Puis, la foule marchante ébouriffée s'en était allée. Les tambours s'étaient tus. Les sujets du guide révolutionnaire étaient rentrés dans leur chaumière et pouvaient dormir tranquillement. Le grand bâtisseur veillait sur tout. L'avenir balisé. La démocratie en avant.
Tout se passa ainsi jusqu'au jour où les étals des marchés n'eurent plus de maïs, de mil, de salades, de tomates, de patates, de fruits, etc. à proposer. Les élèves ne prirent plus les chemins des écoles. Le haut lieu du savoir était complètement par terre. Le degré zéro de l'instruction. La plupart des enseignants avaient été jetés en prison pour avoir eu le toupet de réclamer la liberté de travailler sans être toujours sollicités pour servir de figurants dans la grande comédie de l'accueil légendaire que seul Guidémon Titi savait réserver à ses hôtes de marque. Un pays ruiné, abîmé. Misère ! Misère ! On ne parlera pas des hôpitaux. On ne parlera pas de l'économie ni du quotidien amer des citoyens.

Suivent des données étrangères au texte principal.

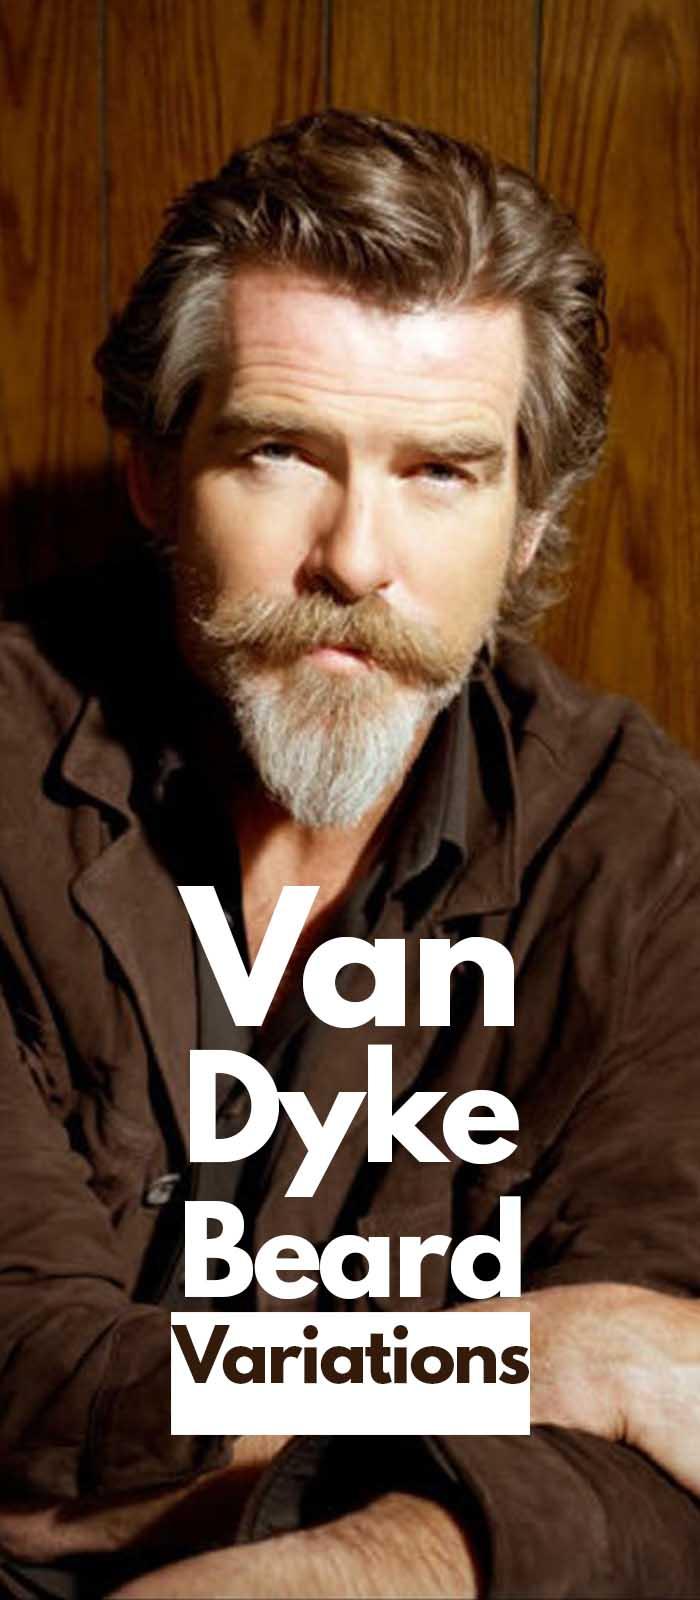 Van Dyke Beard Variations

On ne parlera pas de la culture assassinée. Misère ! Misère ! On ne parlera pas de...
Les sbires du père de la nation ne chômèrent pas. Un mois plus tard on apprit qu'ils avaient été dotés de tables et de chaises particulièrement sophistiquées pour des services sophistiqués. La machine à tuer et à torturer était en marche. Le service de la division spéciale de l'armée veillait. L'avenir des bourreaux était ainsi assuré. Il fallait tourner à plein régime et de manière sophistiquée... Dissuader les dissidents et les opposants, et les effaroucher.

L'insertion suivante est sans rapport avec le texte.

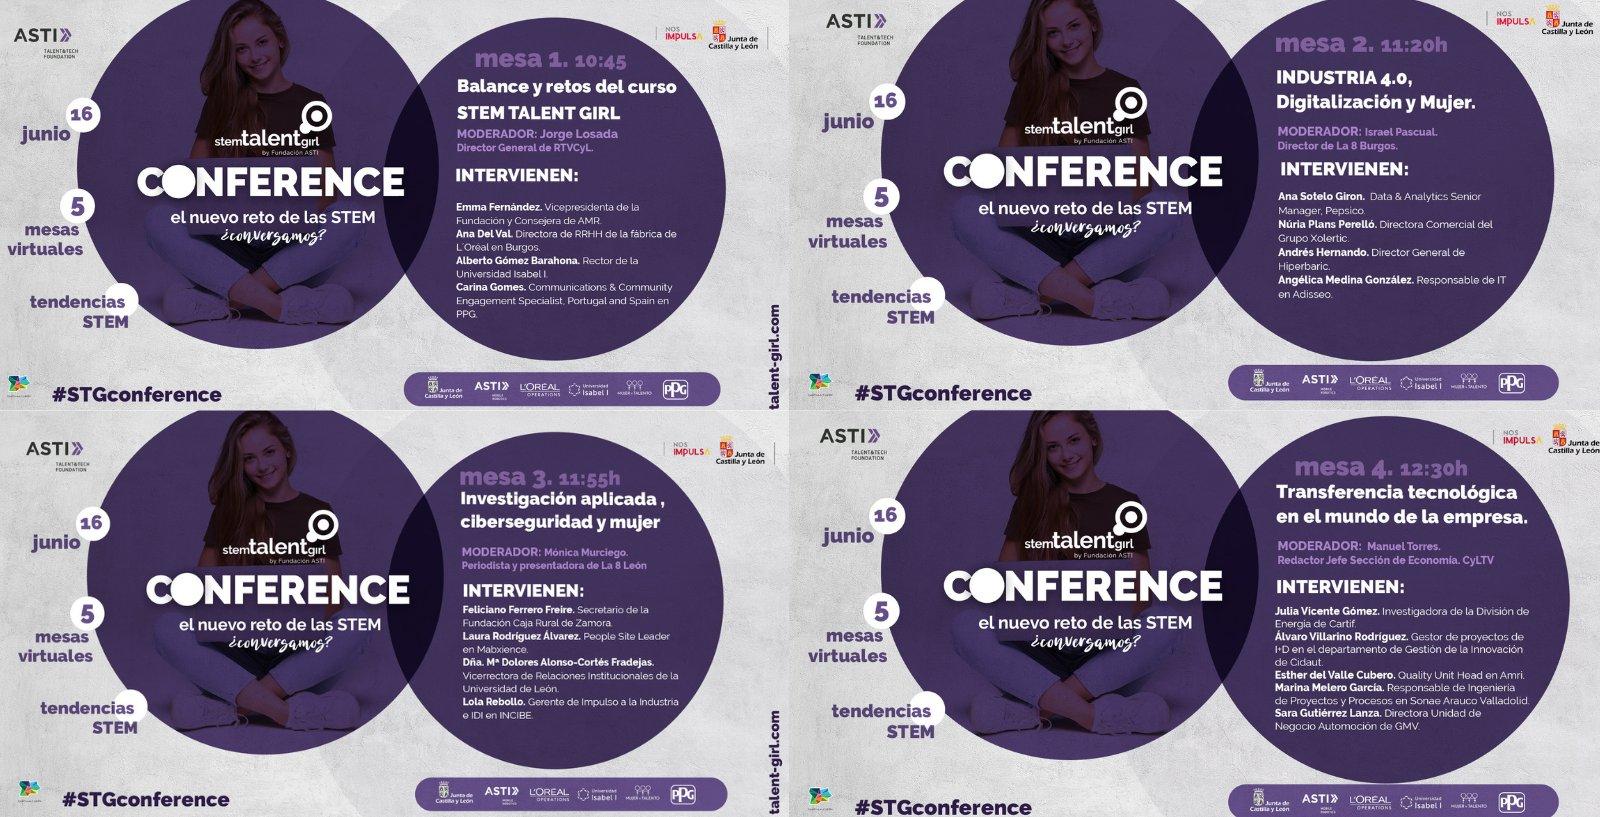 Mañana, no te pierdas la @StemTalentGirl Conference organizada por @AstiFoundation y @familiajcyl para seguir fomentando las vocaciones #STEM y en la que participará nuestra compañera Yolanda Vilches, Gerente de Calidad Operacional de GSK Aranda. #ConCienciaFemeninaGSK https://t.co/KAr7eA7DHC

"A Gotovelli-en-Crétinie, c'est les droits de l'homme". Une banderole le proclame à l'entrée de la capitale. Un ministère de ce même nom a même été créé. Pour amuser la croisière, maquiller l'arbitraire et le mépris des droits de l'homme et de la vie. Ici, il y a longtemps que les mots sont tombés dans la canardière de sang des crimes. Rougeoyant reflet d'un peuple saigné à blanc.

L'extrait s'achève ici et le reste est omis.